***** Records to process

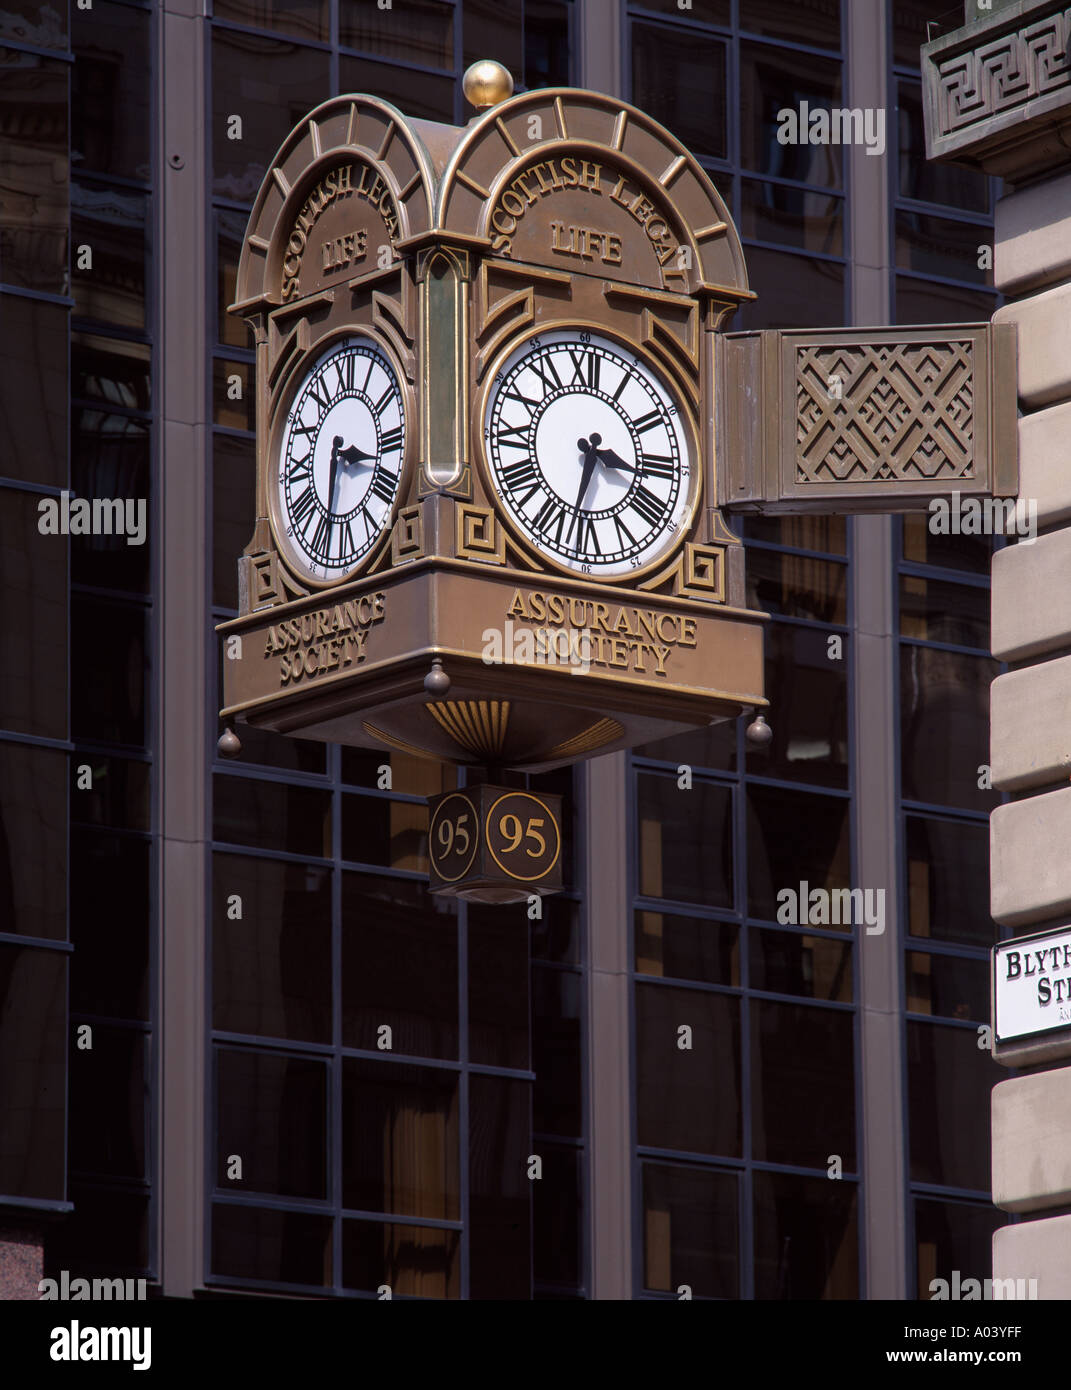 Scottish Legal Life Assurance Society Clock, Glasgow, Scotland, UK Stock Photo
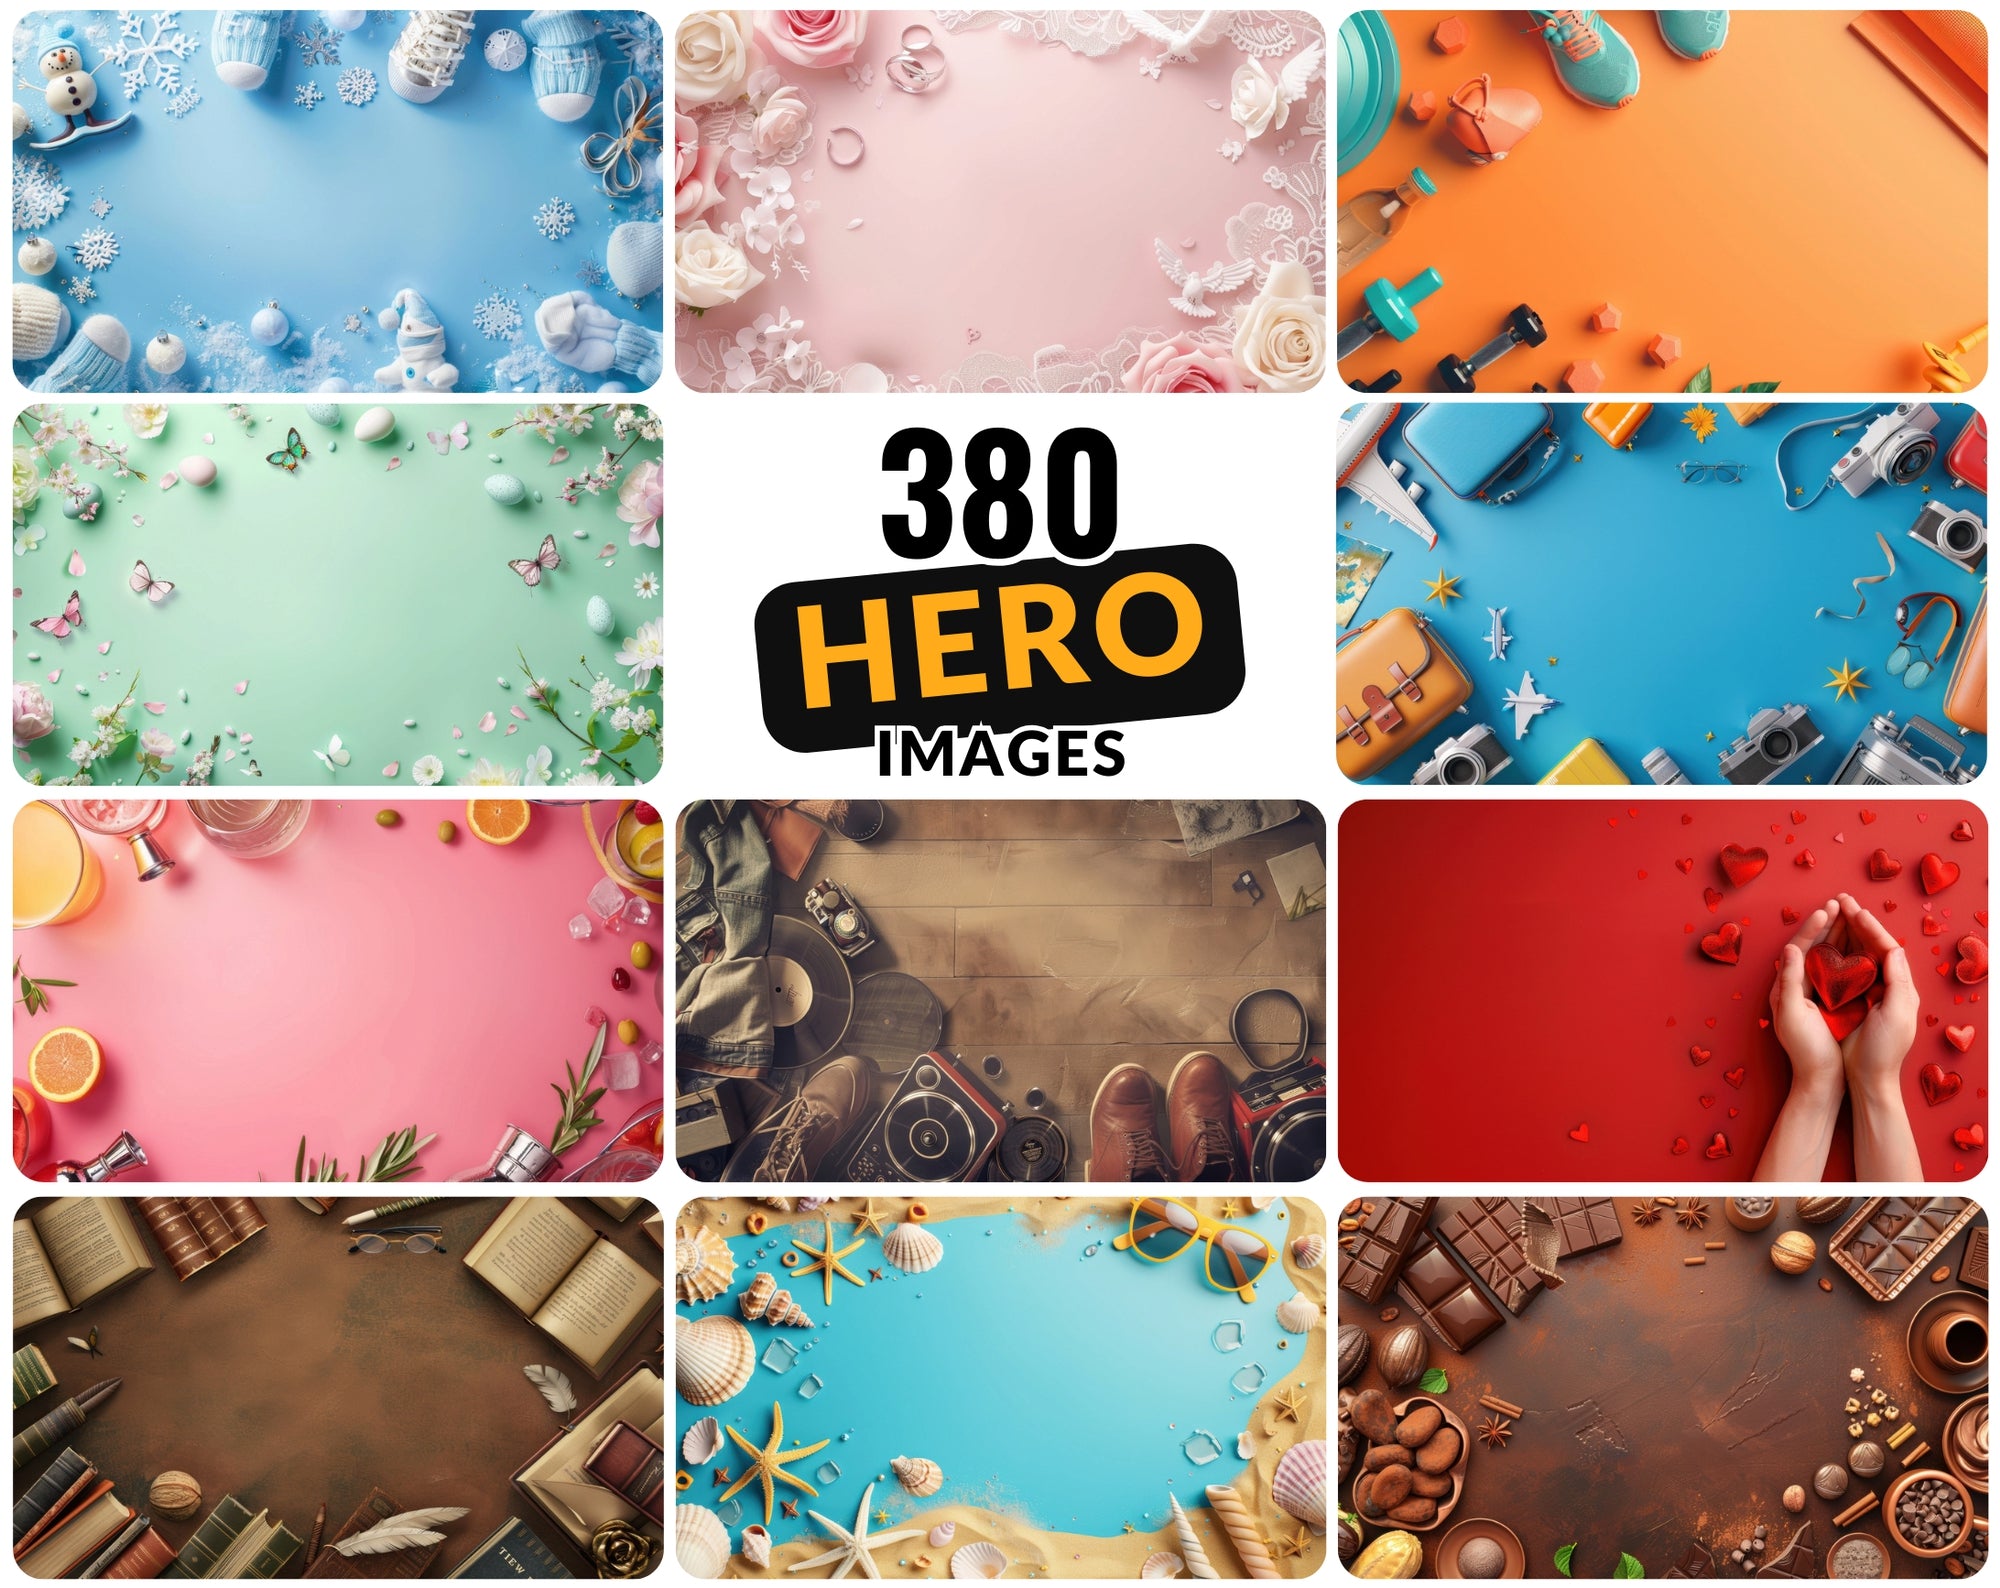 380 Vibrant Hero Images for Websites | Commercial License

**********
***** Records to process

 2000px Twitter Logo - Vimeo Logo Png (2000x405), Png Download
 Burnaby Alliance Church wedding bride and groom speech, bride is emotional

**********

Work request
Within the listing above, print exactly the stretch beginning at the line that contains "Scottish Legal Life" and finishing at the line that contains "380 Vibrant Hero", ends kept, pictures left out, and nothing more.

The completed task
 Scottish Legal Life Assurance Society Clock, Glasgow, Scotland, UK Stock Photo
 380 Vibrant Hero Images for Websites | Commercial License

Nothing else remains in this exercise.